Friday, June 20, 2008

Black Youth, Over-Medicated and Underserved - Part 1

As seen in this report by Charlene Muhammad of FinalCall.Com. While we acknowledge that some news reports from the Black Muslim community can be controversial, there are also many items that are woefully underreported. We are breaking this up into three sections, with the first one posted below today:

The Rev. Fred Shaw, Jr., of the Basic Life Institute in Compton, Calif., has been working with troubled youth and gang-bangers for over a decade. But as he tries to help them turn their lives around, the specter of drugs has surfaced. Not illegal drugs, like crack cocaine or meth, but legal drugs that the activist is concerned with.

He believes psychotropic drugs, like Ritalin, are over-prescribed, and hastily dispensed to control young people, instead of helping them deal with serious emotional and social problems. “We don’t even know the full scope of the impact of these drugs on our youth and people don’t care enough to test whether or not it’s the stimulants that are causing them to shoot and violently kill one another,” he said.

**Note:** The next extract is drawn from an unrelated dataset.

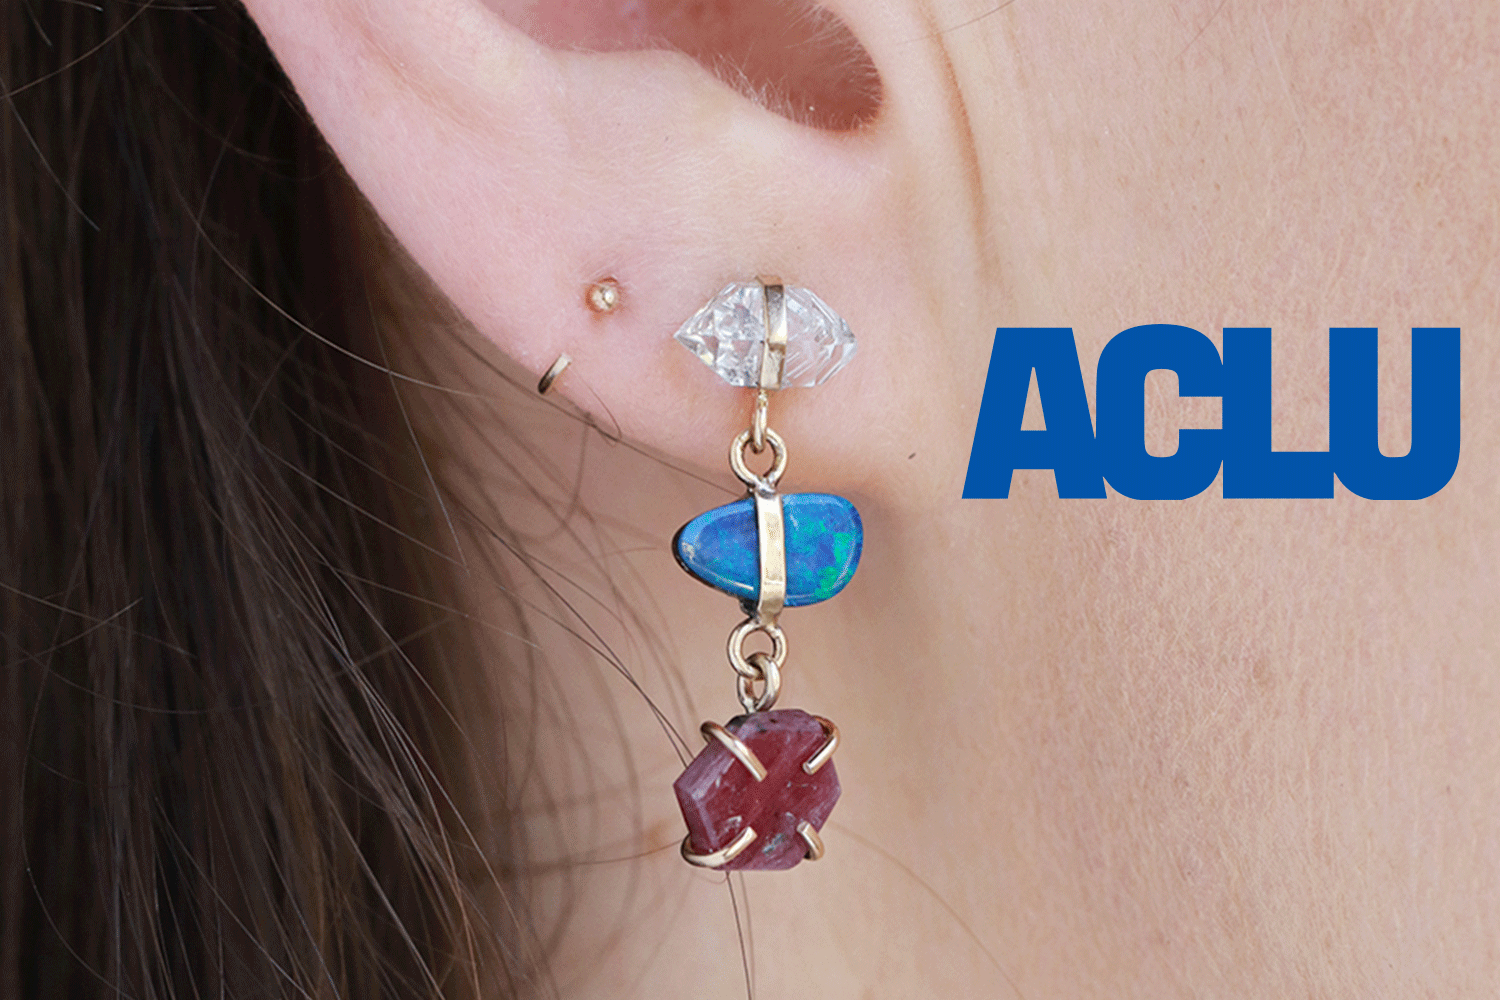 aclu logo and earrings

Before working with the Basic Life Institute, the Rev. Shaw co-owned a group home and was stunned by the number of Black youth that were medicated. “African Americans are 16 percent of the nation’s student population but we’re 32 percent of students being drugged, but it’s so entrenched into the system that people have bought into the process wholesale,” he said.

He believes authorities stopped referring clients because he opposed drugging of youth in his group home. The activist also believes mental health drug campaigns are well orchestrated and pushed by pharmaceutical companies. “They fund the psychiatric research, then the psychiatrists develop diagnoses which allows the companies to sell their drugs through them. One hand is washing the other, and they have studied normal adolescent behaviors and made them mental disorders,” Rev. Shaw charged.

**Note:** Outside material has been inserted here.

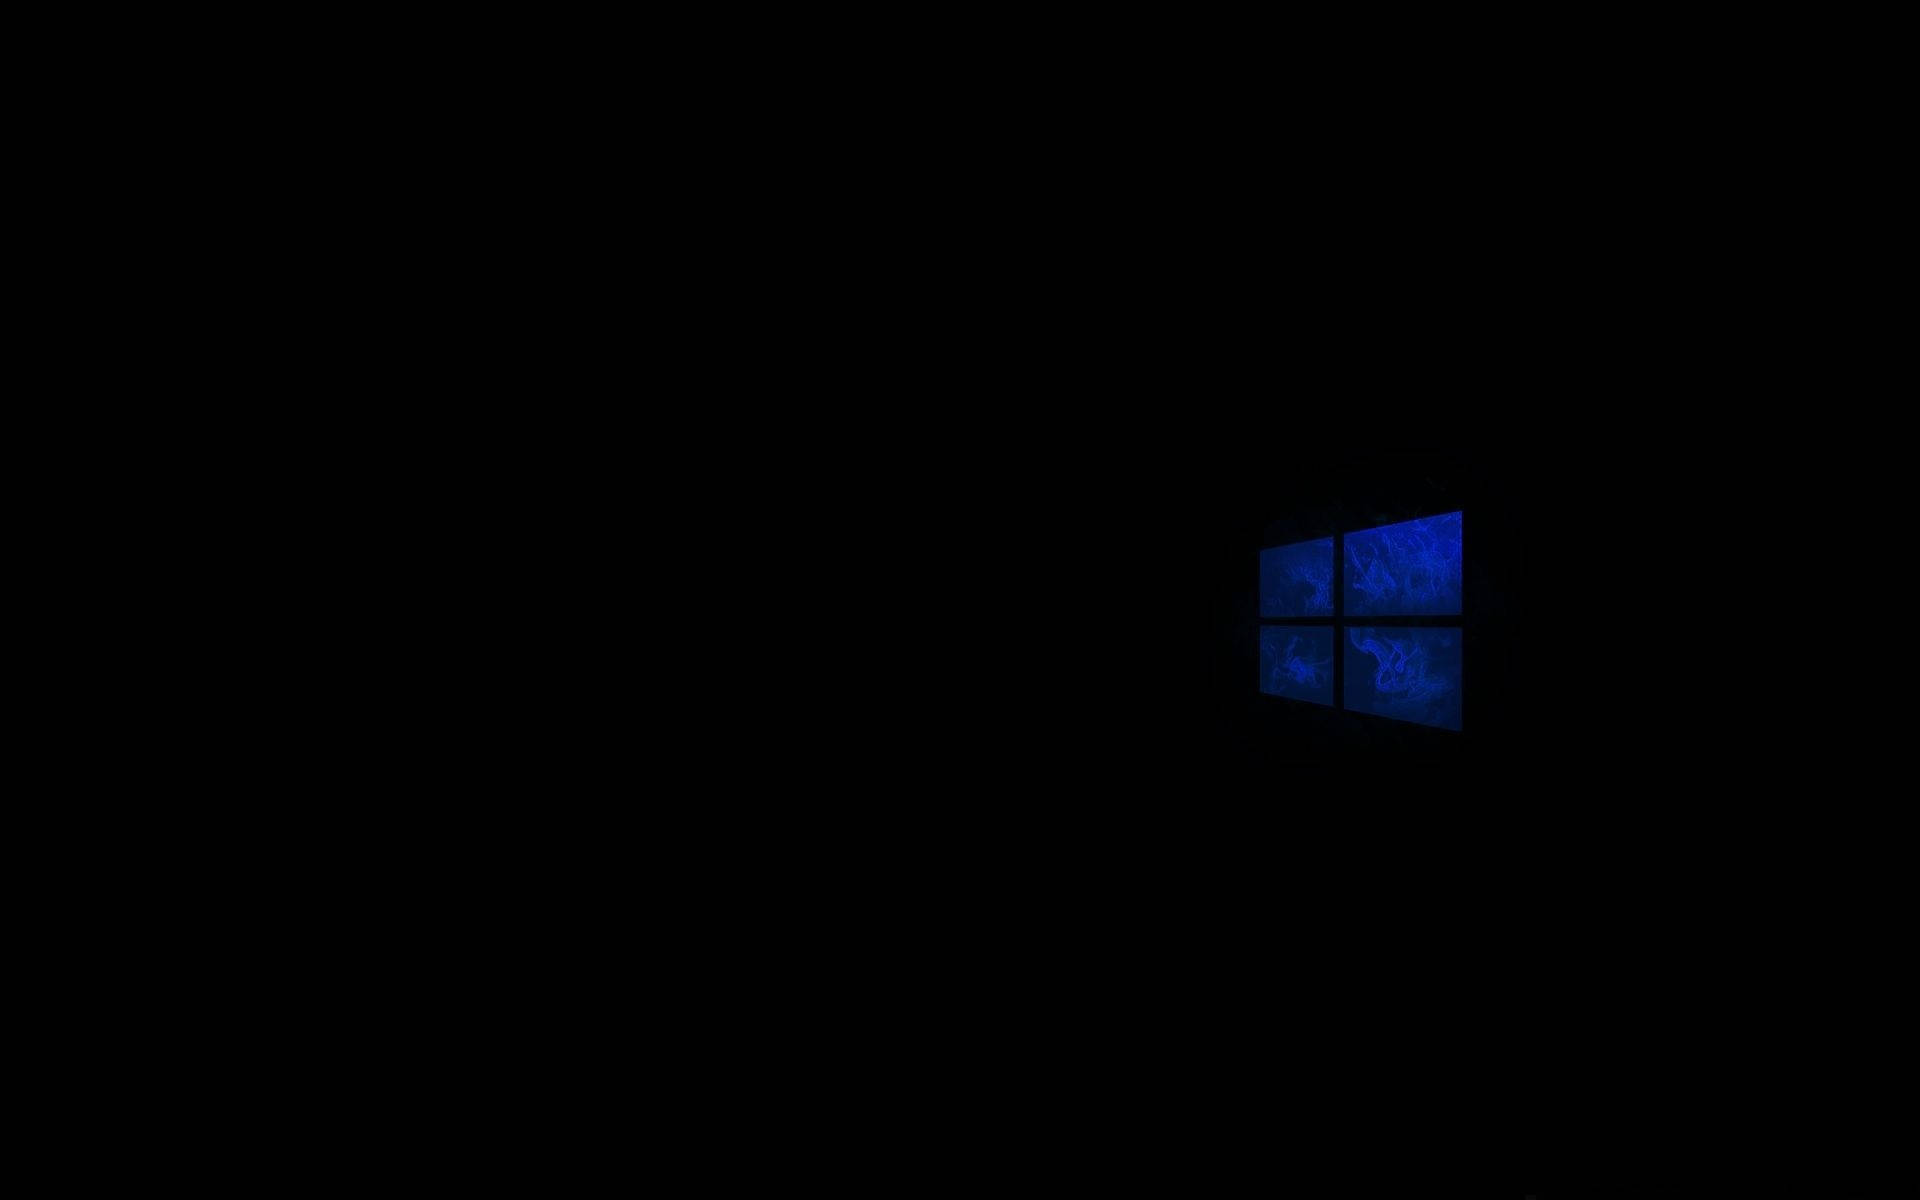 Black Windows 10 Hd Ghostly Logo Background

Psychotropic drugs are prescribed to treat mental disorders and diseases. That means the same drugs may be used to calm youngsters who are hyper and to stimulate young people who may be depressed.

The most common diagnosis that results in drug treatments is Attention Deficit and Hyperactivity Disorder (ADHD). According to the FDA, ADHD accounts for up to 50 percent of mental health referrals for children and at least 7.5 percent of all school-aged children are affected by ADHD. The National Center for Health Statistics reports that 4.7 million children between 3-17 years of age were diagnosed with ADHD. The percentage of boys was 9.5 percent while girls comprised 5.9 percent.

The fears voiced by Rev. Shaw aren’t new and Black psychologists have raised questions about the impact and long-term effects of drugging Black children diagnosed with Attention Deficit Disorder. Some federal warnings boost their worries.

Last year, the Food and Drug Administration ordered manufacturers of psychotropic drugs to develop patient medication guides to warn of possible cardiovascular risks associated with the drugs. Such drugs, which include Ritalin, Concerta, Adderall and Strattera, are usually given to children diagnosed with ADD or ADHD. Side affects include anxiety or nervousness; headache or dizziness; insomnia; headache, stomach pain, sleeplessness and decreased appetite.

Early last year, the FDA also indicated that ADHD medicines showed a slight risk (about 1 per 1,000) for drug-related psychiatric adverse events, including hearing voices, becoming suspicious for no reason, or becoming manic, even in patients who did not have previous psychiatric problems.

The Centers for Disease Control lists symptoms of ADHD as often fidgeting with hands or feet; squirming in seat; running or climbing when inappropriate; feeling restless; often on the go and talks excessively; and often acting as if driven by a motor.

According to Dr. Ronald Beavers, a psychologist with the Positive Imagery Foundation in South Los Angeles, Black children are disproportionately represented because their needs are greater.

“Our children are locked more into the system and when you look at the statistics and those in foster care and up for adoption, and see what ethnic group is overrepresented, question marks should be coming up because it’s African Americans. Eighty percent of adoptions and 80 percent of foster care are Black children,” Dr. Beavers told The Final Call.

Alternatives to drugs, like group counseling, life skills and culturally competent parenting education, are usually counted out because they cost time and money, he added.

“The ultimate alternative for Blacks is learning how to live,” Dr. Beavers said.

An employee with the Los Angeles Department of Children and Family Services told The Final Call, the department tracks foster care children who are taking psychotropic drugs, but the numbers are not easy to get. Even high-ranking employees find it difficult to get the actual facts about the drugging of children because the numbers are an embarrassment to the department, said the employee, who has a background in social work. The employee asked to remain anonymous.